Cisterne invisibili, migliaia di muli, zero oleodotti. Com’è che l’ISIS smercia ogni giorno un mare di petrolio e l’Occidente non lo vede? Quando le news sono equine.
- di Matzu Yagi e Gengis Kant -
Gli esperti dicono che l’Emirato Islamico dell’Isis è finanziariamente autonomo anche perché guadagna circa 2 milioni di dollari al giorno dalla vendita del petrolio estratto nei territori che occupa, in luoghi dove fino a poco tempo fa prosperavano colossi come la francese Total e l’anglo-olandese Shell. Ma due milioni di dollari corrispondono a più di 20.000 barili al giorno e il barile contiene circa 160 litri. Cioè l’Isis consegna a qualcuno 2800 tonnellate di petrolio, tutti i giorni.
E come fa?
Non lo vedono dai satelliti chi si viene a prendere 2800 tonnellate di roba, quotidianamente? E da dove viene questo qualcuno? Anche questo non si nota, visto che ad occhio dovrebbero essere circa 130 camion cisterna?

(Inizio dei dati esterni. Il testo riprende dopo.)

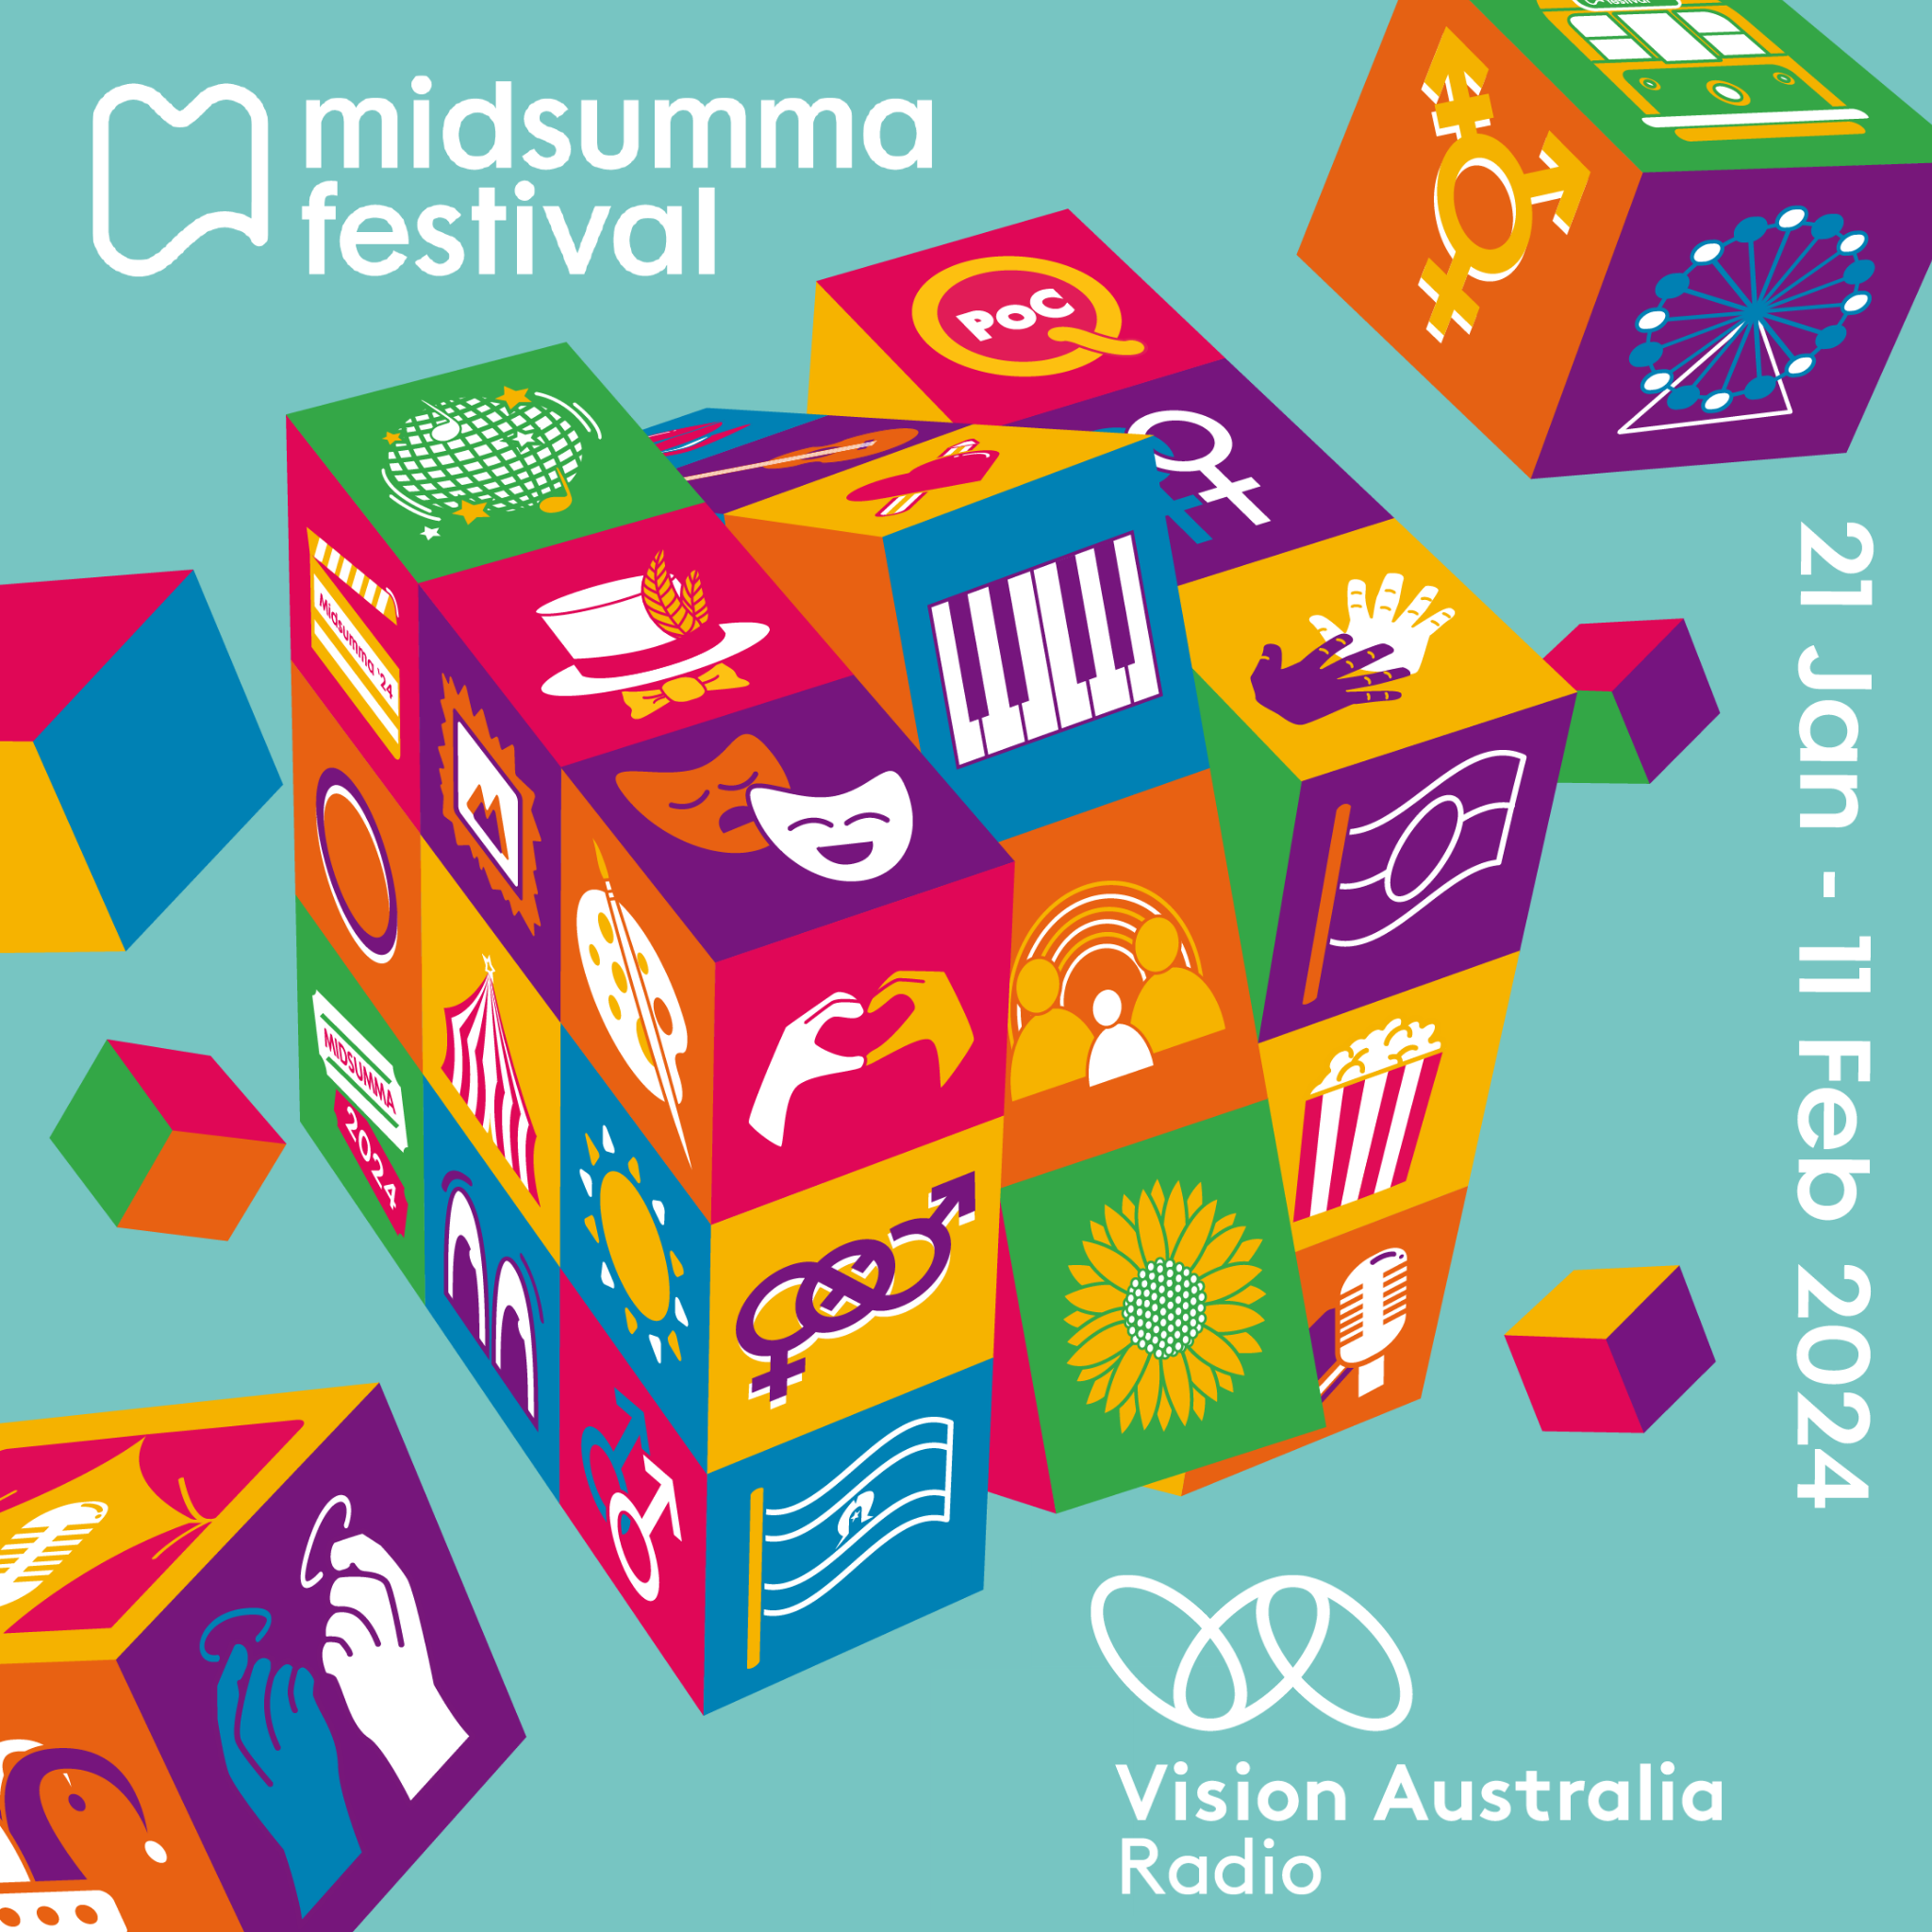 Announcement: Vision Australia Radio is Access and Inclusion partner to Midsumma Festival in 2024.

Cioè i satelliti non vedono colonne di 130 autocisterne chetutti i giorni fanno avanti ed indietro dai territori dell’Isis? Era dai tempi del film Duel di Steven Spielberg che non si vedeva un’autocisterna così demoniaca, e ora ce ne sono addirittura centotrenta e nessuno le nota, nessuno le bombarda?
Siete già sbalorditi? La raccontano ancora più grossa. Molto di più. Queste cifre potreste moltiplicarle addirittura per tre, perché il prezzo del petrolio di contrabbando sarebbe addirittura meno di un terzo rispetto alle quotazioni ufficiali: per fare 2 milioni al giorno dovete moltiplicare i barili, che potrebbero arrivare addirittura a 100mila al giorno, superando le 10mila tonnellate, cioè quanto la produzione giornaliera di un paese esportatore come il Sudan.
E gli onniscienti satelliti non vedono neanche in quale porto attracchino le navi che vanno a contrabbandare tutta quella roba? Chi è il direttore della logistica, il mago Silvan? Sim sala bin… (alias Bandar bin Sultan bin Abdulaziz Al Saud).
Certo, il Wall Street Journal dice che il traffico avviene su zattere che seguono la corrente del fiume Oronte, nonché su contenitori caricati sul dorso di muli e asini furbissimi che evitano i doganieri turchi perché percorrono mulattiere poco battute. Uno sconfinato formicaio equino capace di coprire lunghe distanze. Quanti muli ci vogliono per trasportare migliaia di tonnellate? La Saipem e tutti i costruttori di oleodotti hanno dunque sbagliato tutto. Perché sprecare tanta siderurgia per costruire complicate pipelines su tragitti di migliaia di chilometri? Bastava avere fieno sufficiente, equini pazienti (anche nelle redazioni), e avremmo distribuito tutti gli idrocarburi del mondo.
Ecco, è davvero il caso di metter su una coalizione di 40 paesi per andare a scoprire questo fitto e irrisolvibile mistero che sfida ogni legge dell’ottica e della fisica.